Dallman Ross posted this assignment (where $TAB and $SPACE had previously
been defined as single-character strings of the respective character),
R> NONPRINTING = [^$TAB$SPACE-~] # char delimiter to i.d. non-Western text
Odhiambo Washington wondered (as quoted by Martin Mokrejs: Odhiambo's posts
are always attachments, so I don't see them),
W> I was just wondering what the right order is: TAB-SPACE or SPACE-TAB ??
Martin responded incorrectly,
M> Does not matter, you are putting into square braces [] a list of
M> characters, and the list has no order.
It's not a list: it's a list plus a range, and ranges do have order. This
will be easier to understand if you are familiar with ASCII codes or are
looking at a table of them. These are the codes that matter for this post:
tab = 9
space = 32
exclamation point = 33
tilde = 126
If the tab and the space were the only characters between the braces, the
class would be a list and Martin's comment would apply, but they aren't.

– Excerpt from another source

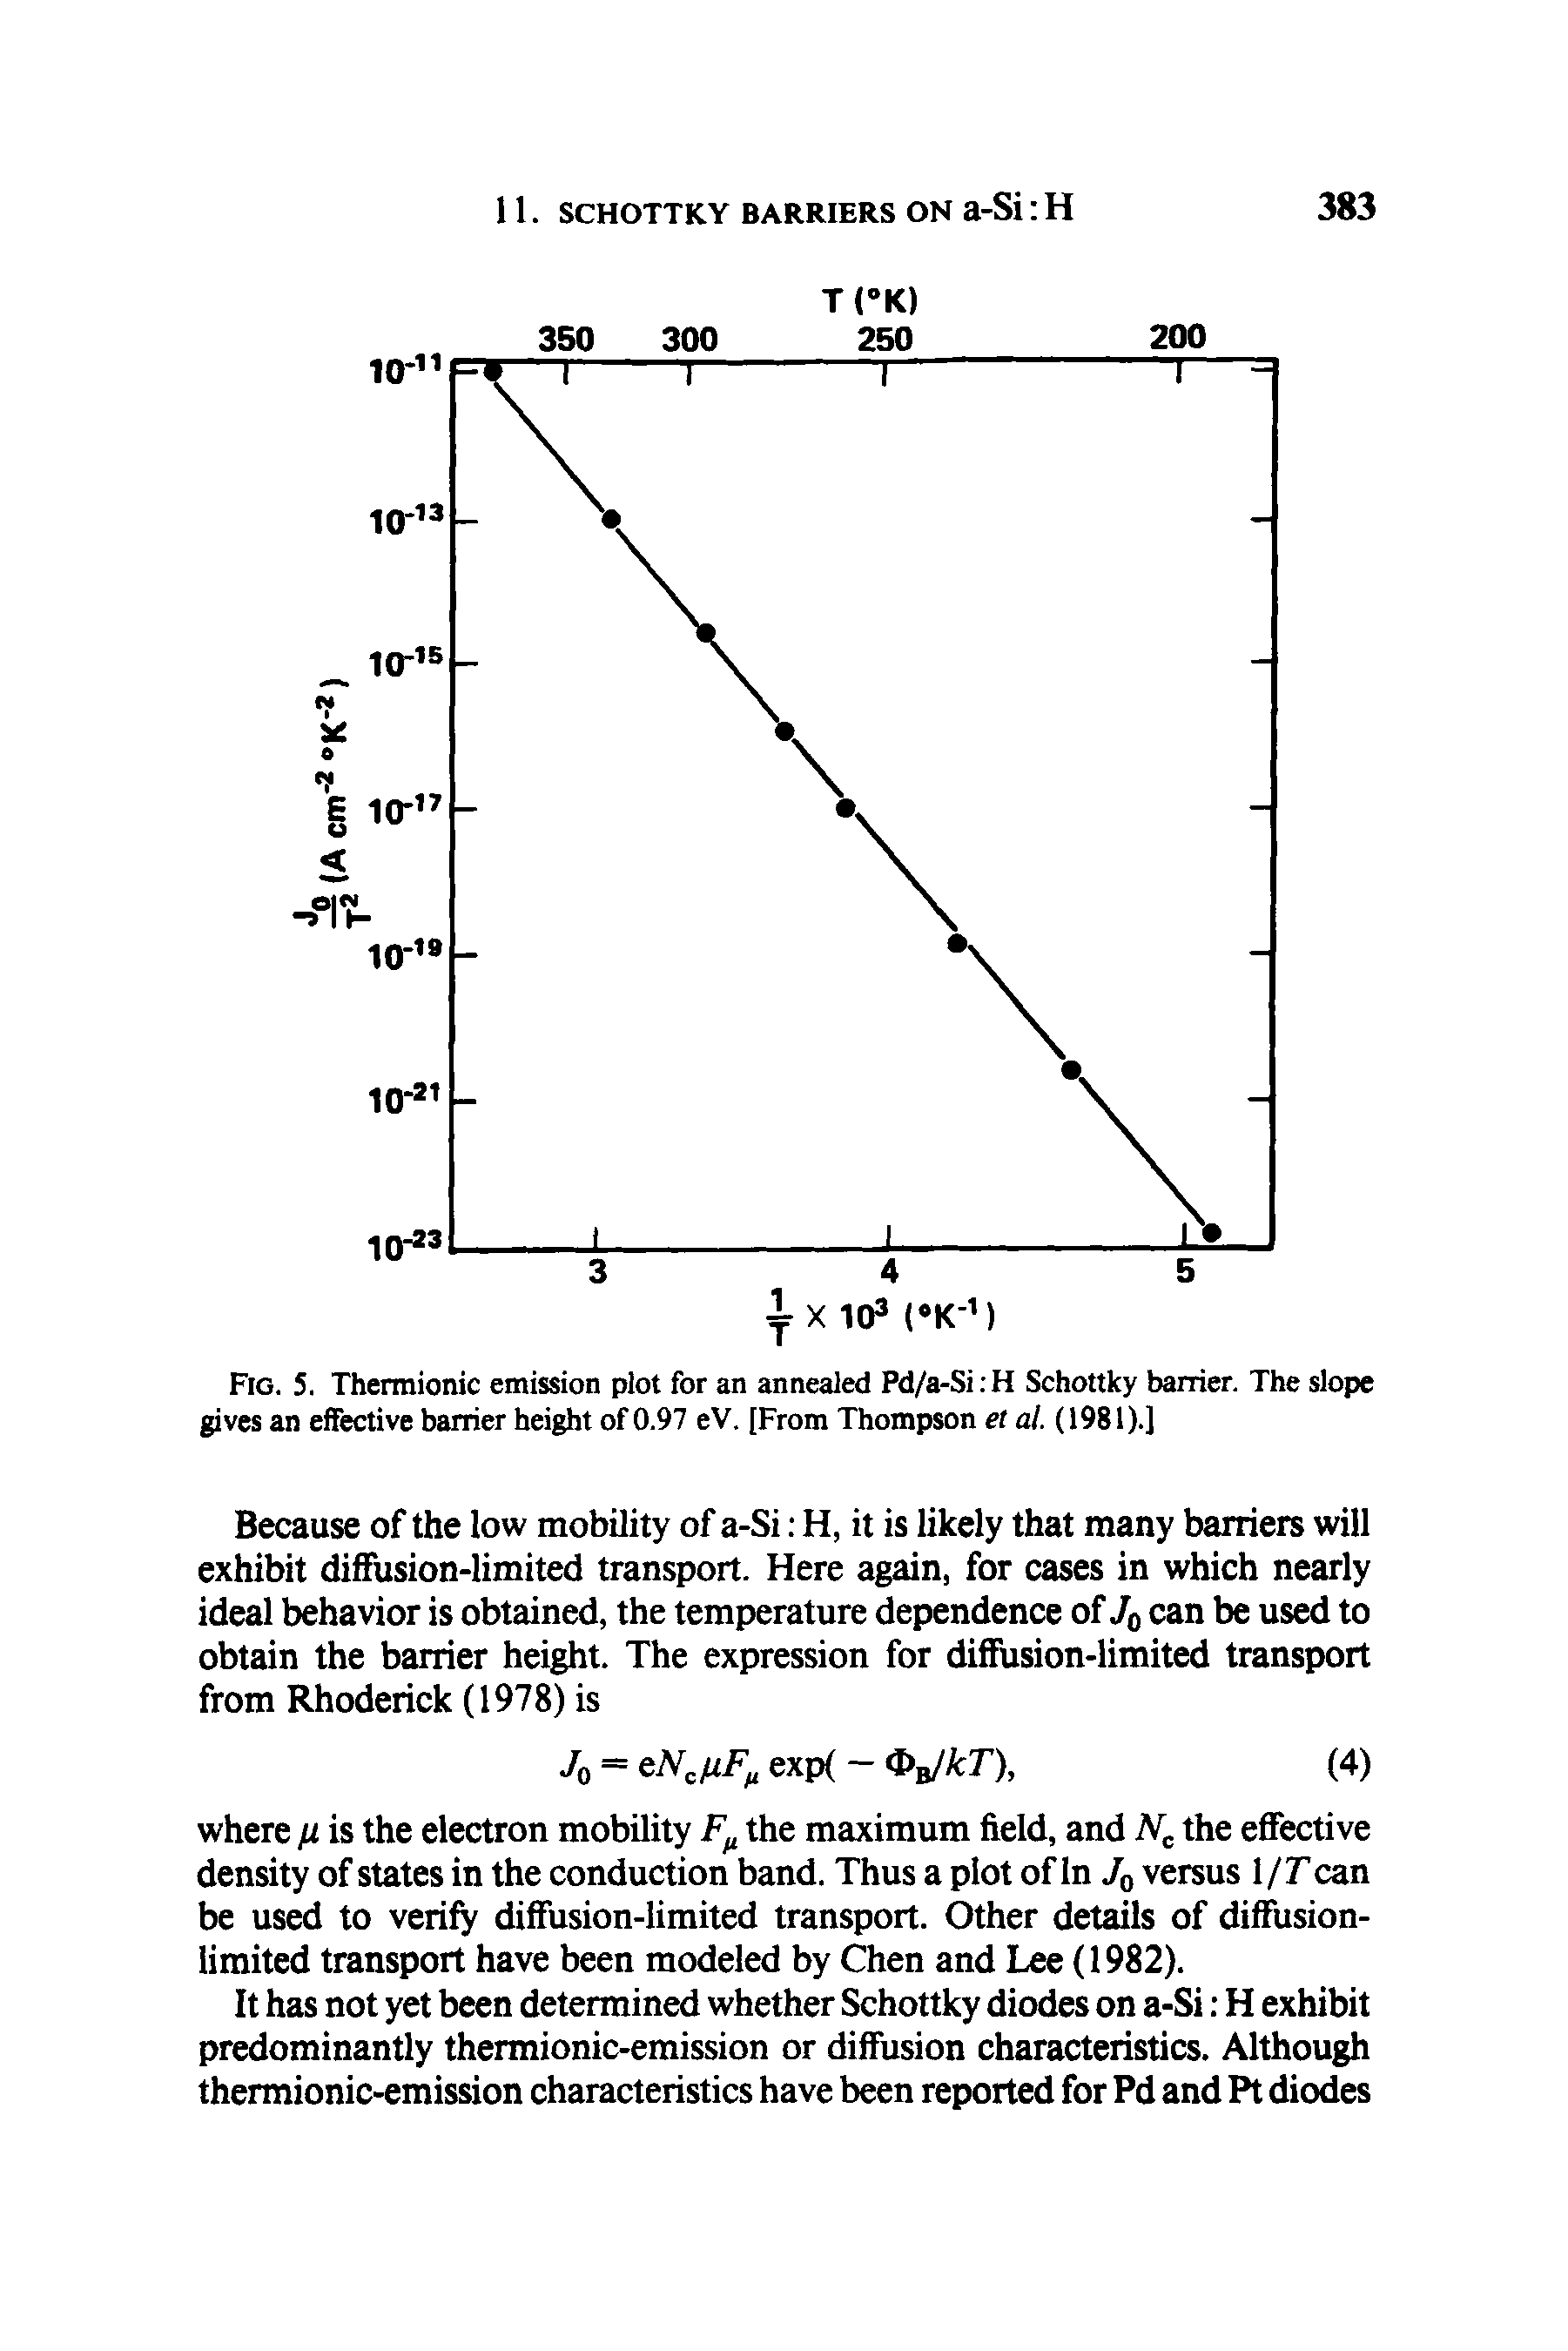 Fig. 5. Thermionic emission plot for an annealed Pd/a-Si H Schottky barrier. The slope gives an effective barrier height of 0.97 eV. [From Thompson et al. (1981).]...

Rather the class, before inversion by the leading caret, consists of a tab
plus the RANGE from space through tilde. Putting the space first would
change the add a considerable number of non-printing characters to the range
(all that lie between tab and space) and thus [because the class is
inverted] exclude them from the class, and we want all of them in there
except tab and space.
If the class were specified this way (note the exclamation point):
[$TAB$SPACE!-~]
then the two would be transposable, and
[$SPACE$TAB!-~]
would be the same. By putting the tab first, one can drop the exclamation
point.
When there is no range involved but just a listing of characters, then the
order -- at least of space and tab -- doesn't matter. It's customary to put
the space first then but there's no difference in operation.